▸ Input data
== == ==

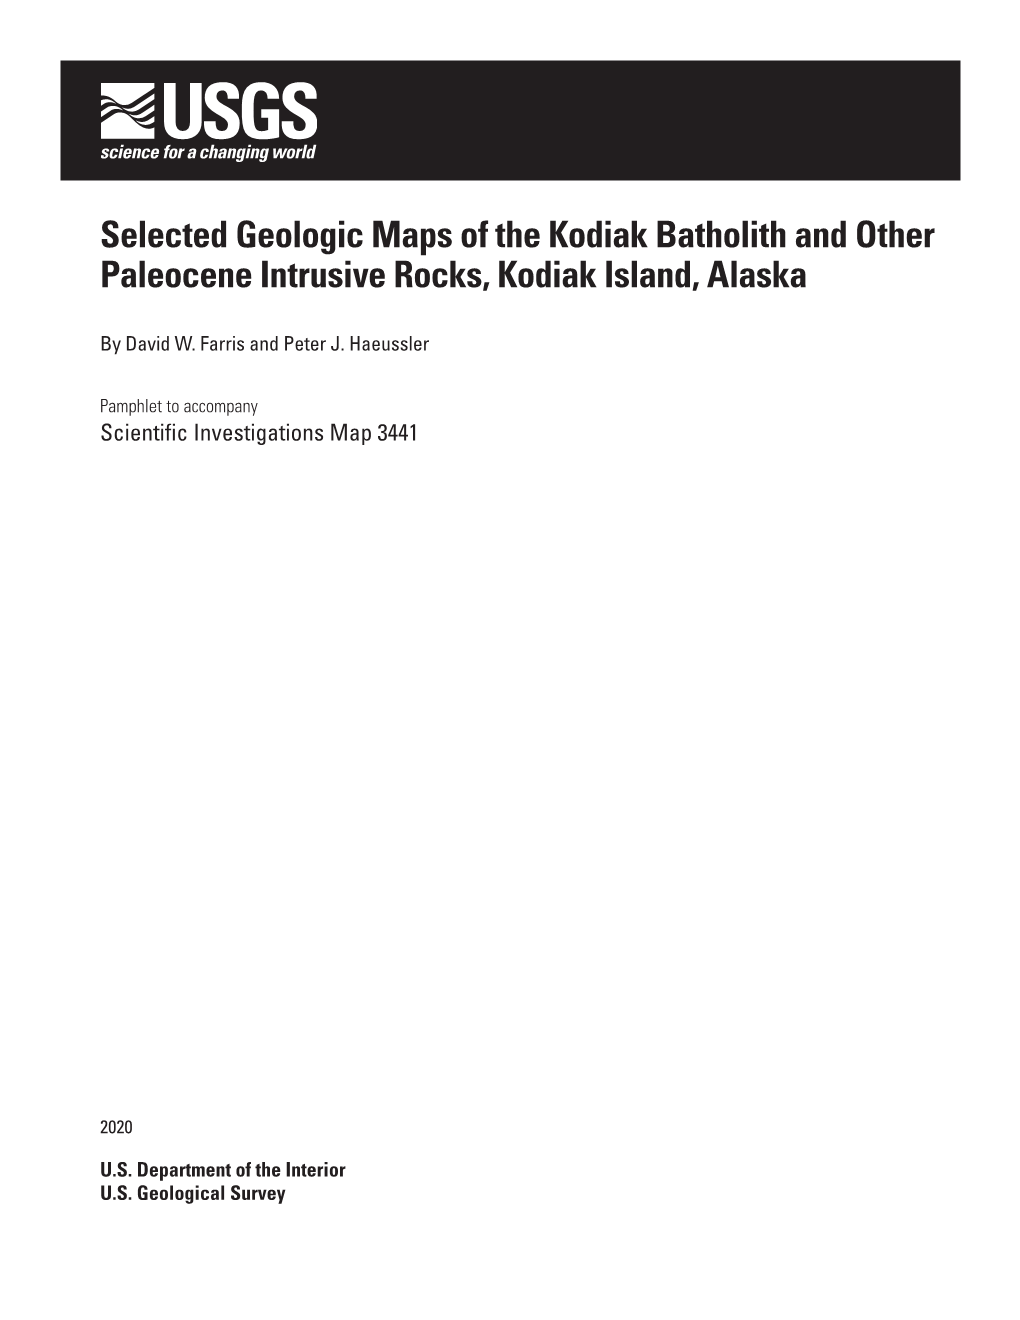 Selected Geologic Maps of the Kodiak Batholith and Other Paleocene Intrusive Rocks, Kodiak Island, Alaska
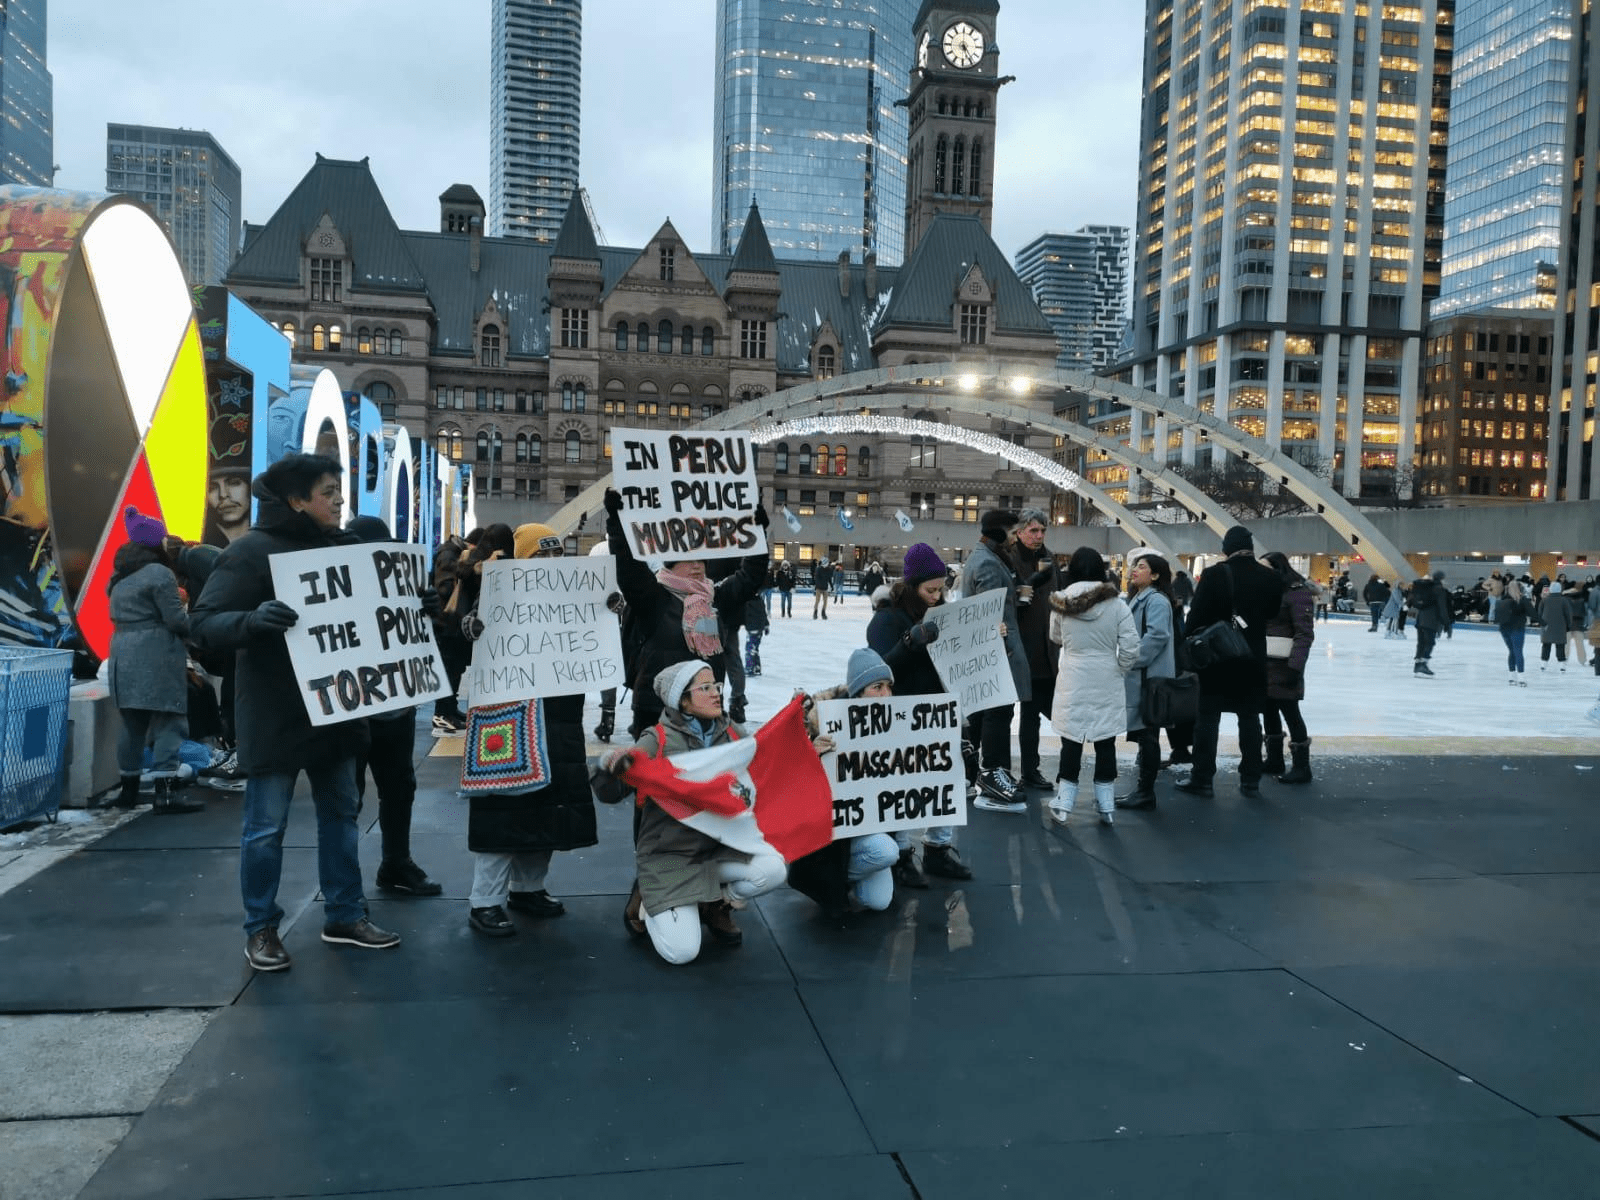 Peruvian diaspora in Toronto stands in solidarity with victims of state repression in Peru
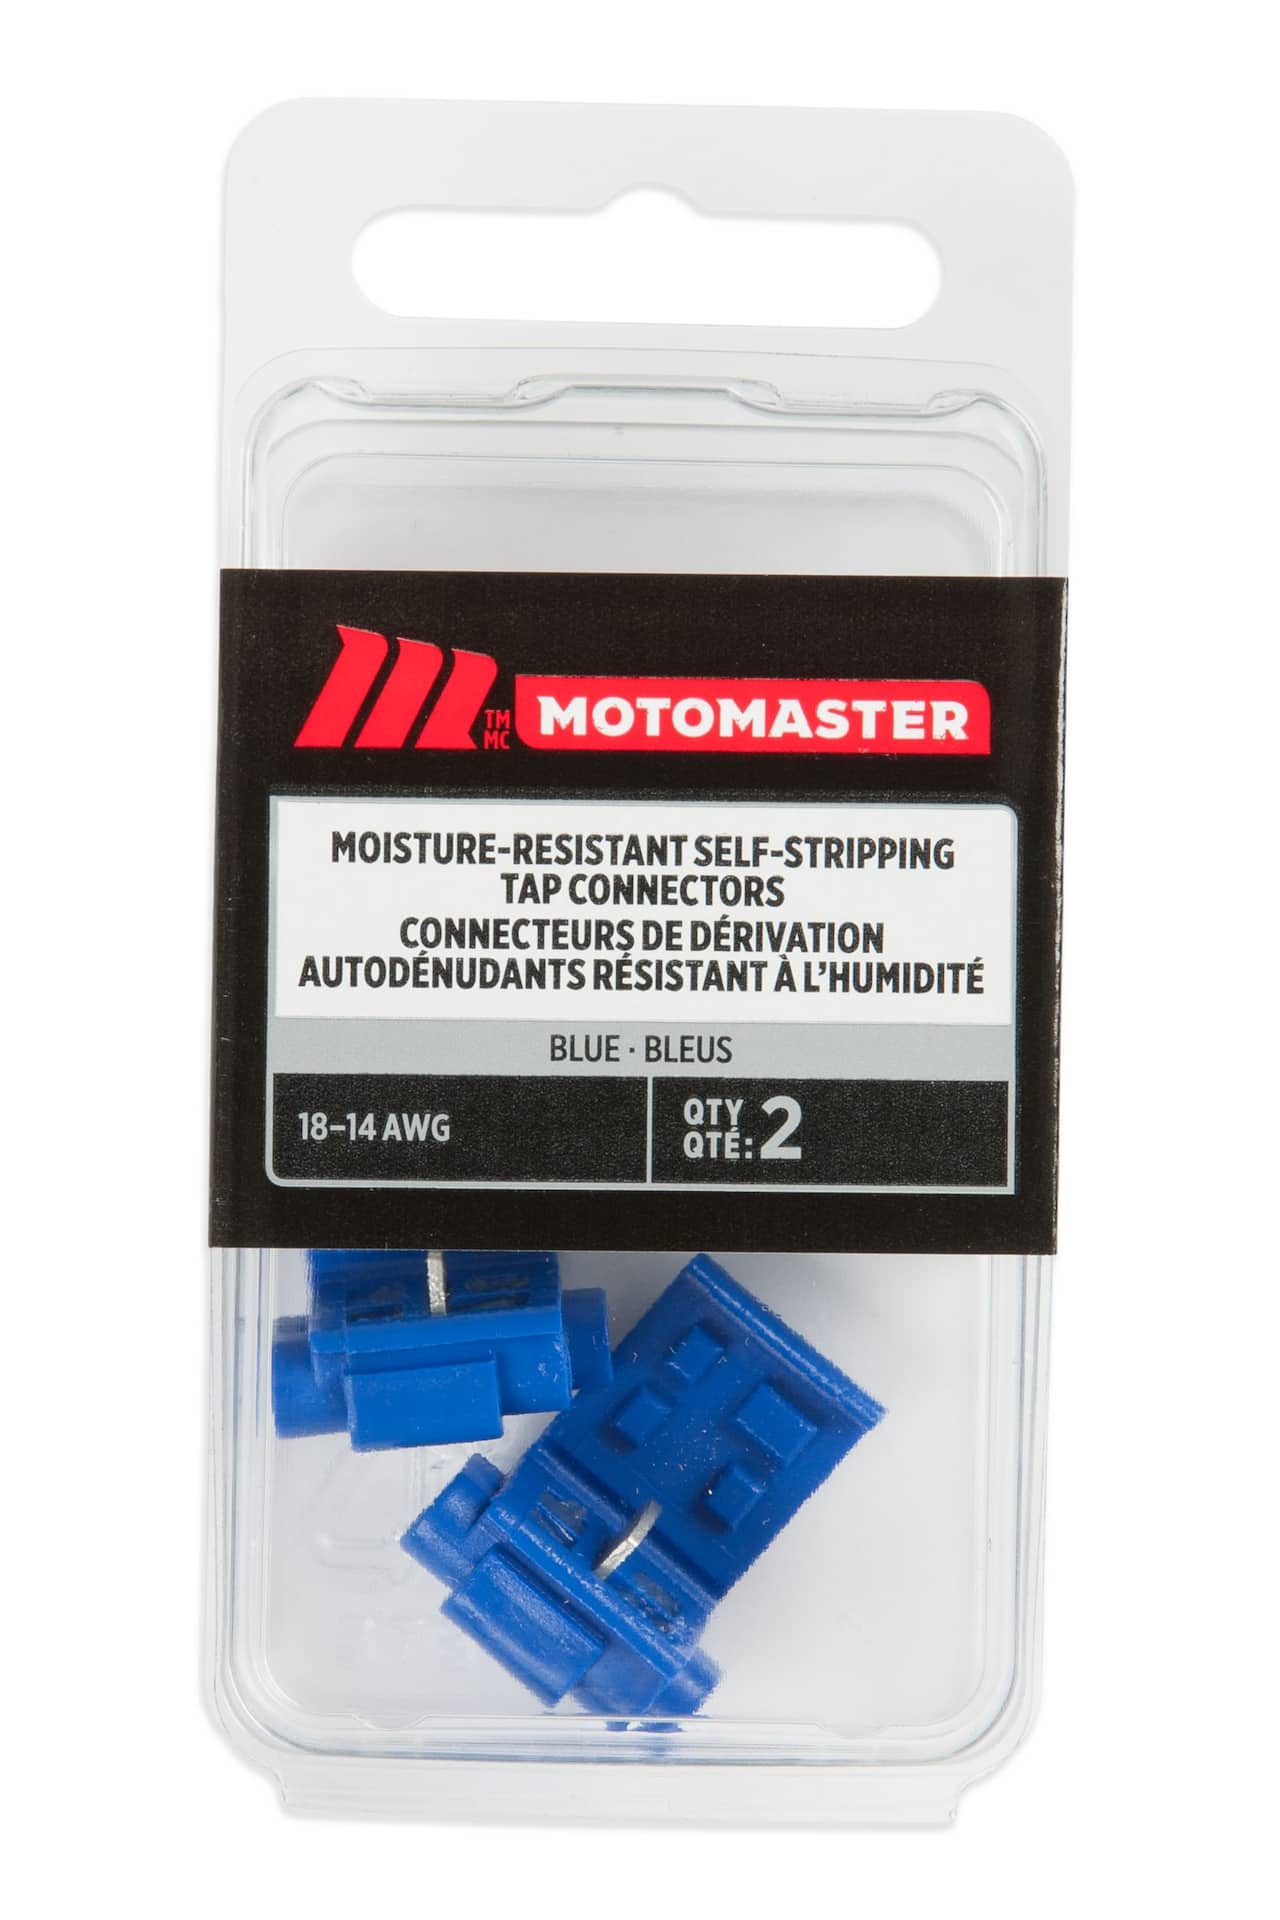 MotoMaster 18-16 Moisture Resistant Tap Connector, 2-pk

== == ==

▸ What to do
Print all of the data exactly, and do not carry over any pictures.

▸ Written answer
 Selected Geologic Maps of the Kodiak Batholith and Other Paleocene Intrusive Rocks, Kodiak Island, Alaska
 Peruvian diaspora in Toronto stands in solidarity with victims of state repression in Peru
 MotoMaster 18-16 Moisture Resistant Tap Connector, 2-pk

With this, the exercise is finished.